What is expected: With every picture left out, give the data below back exactly.

Provided data:

··········

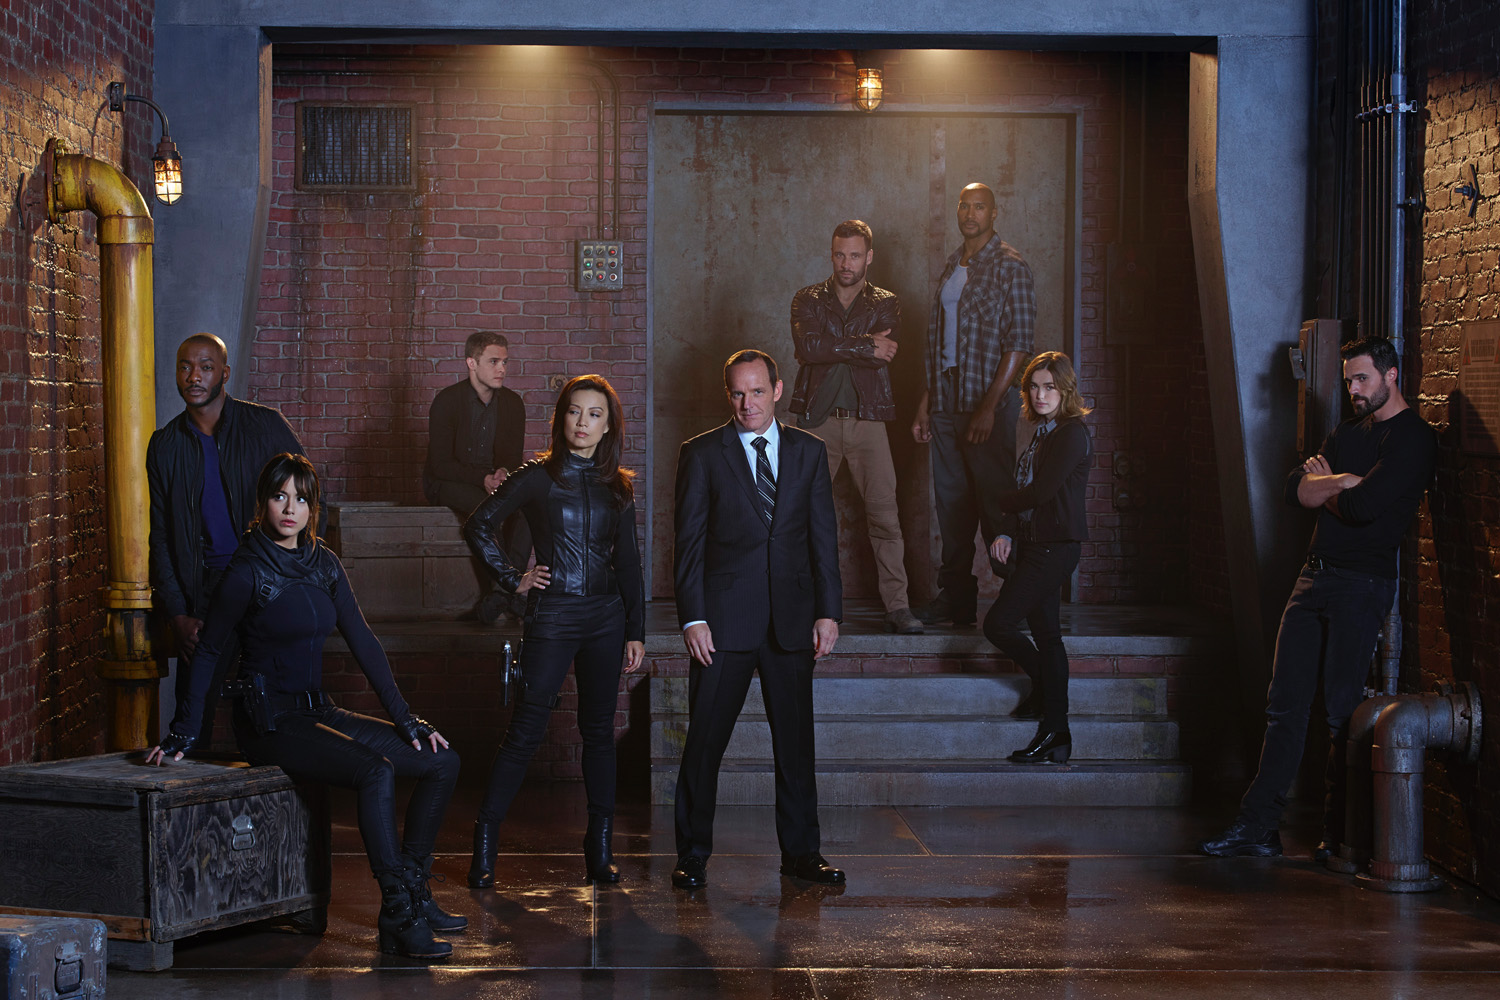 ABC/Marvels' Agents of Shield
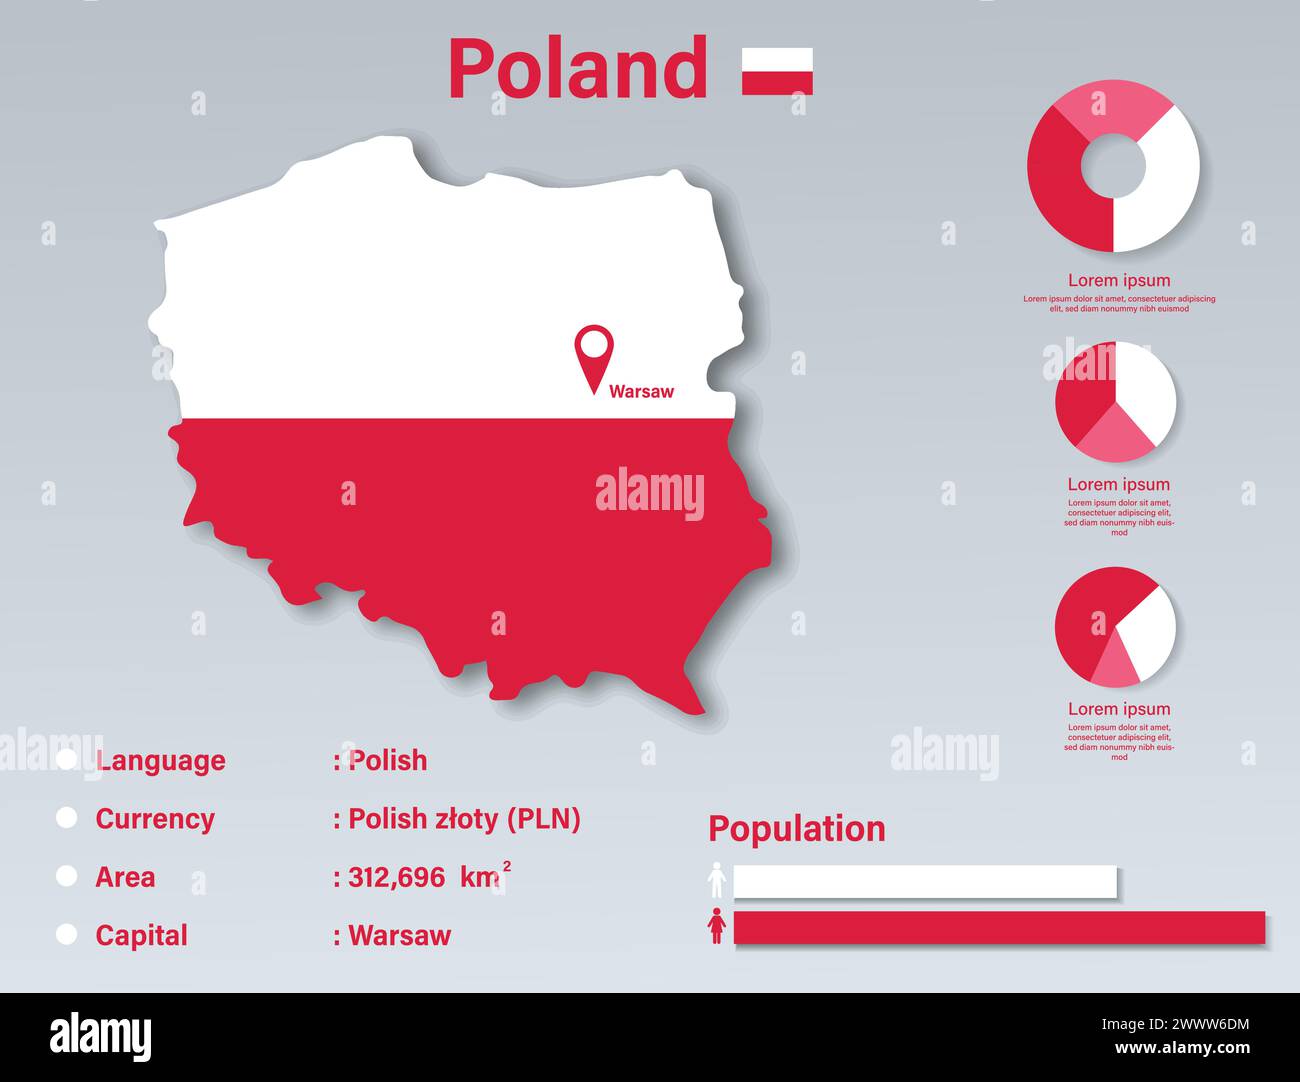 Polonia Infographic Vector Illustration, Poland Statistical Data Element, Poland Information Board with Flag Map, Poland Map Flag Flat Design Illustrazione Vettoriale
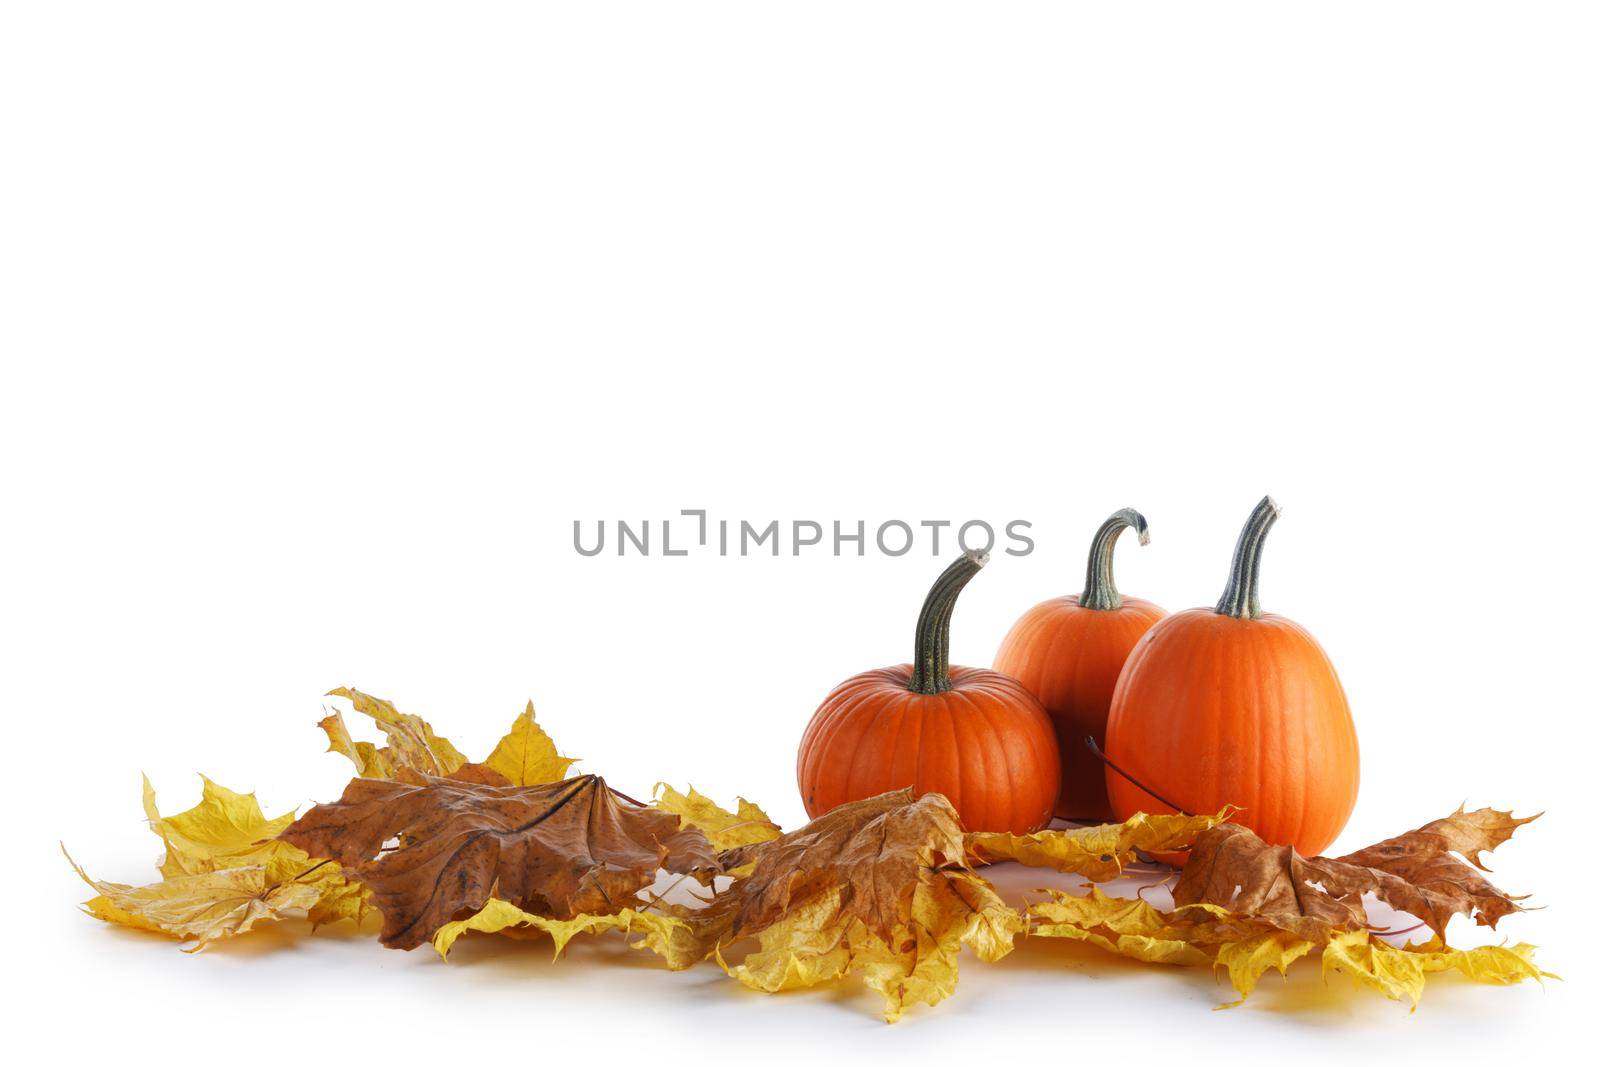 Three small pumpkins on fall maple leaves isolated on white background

··········

Task result:
 ABC/Marvels' Agents of Shield
 Polonia Infographic Vector Illustration, Poland Statistical Data Element, Poland Information Board with Flag Map, Poland Map Flag Flat Design Illustrazione Vettoriale
 Three small pumpkins on fall maple leaves isolated on white background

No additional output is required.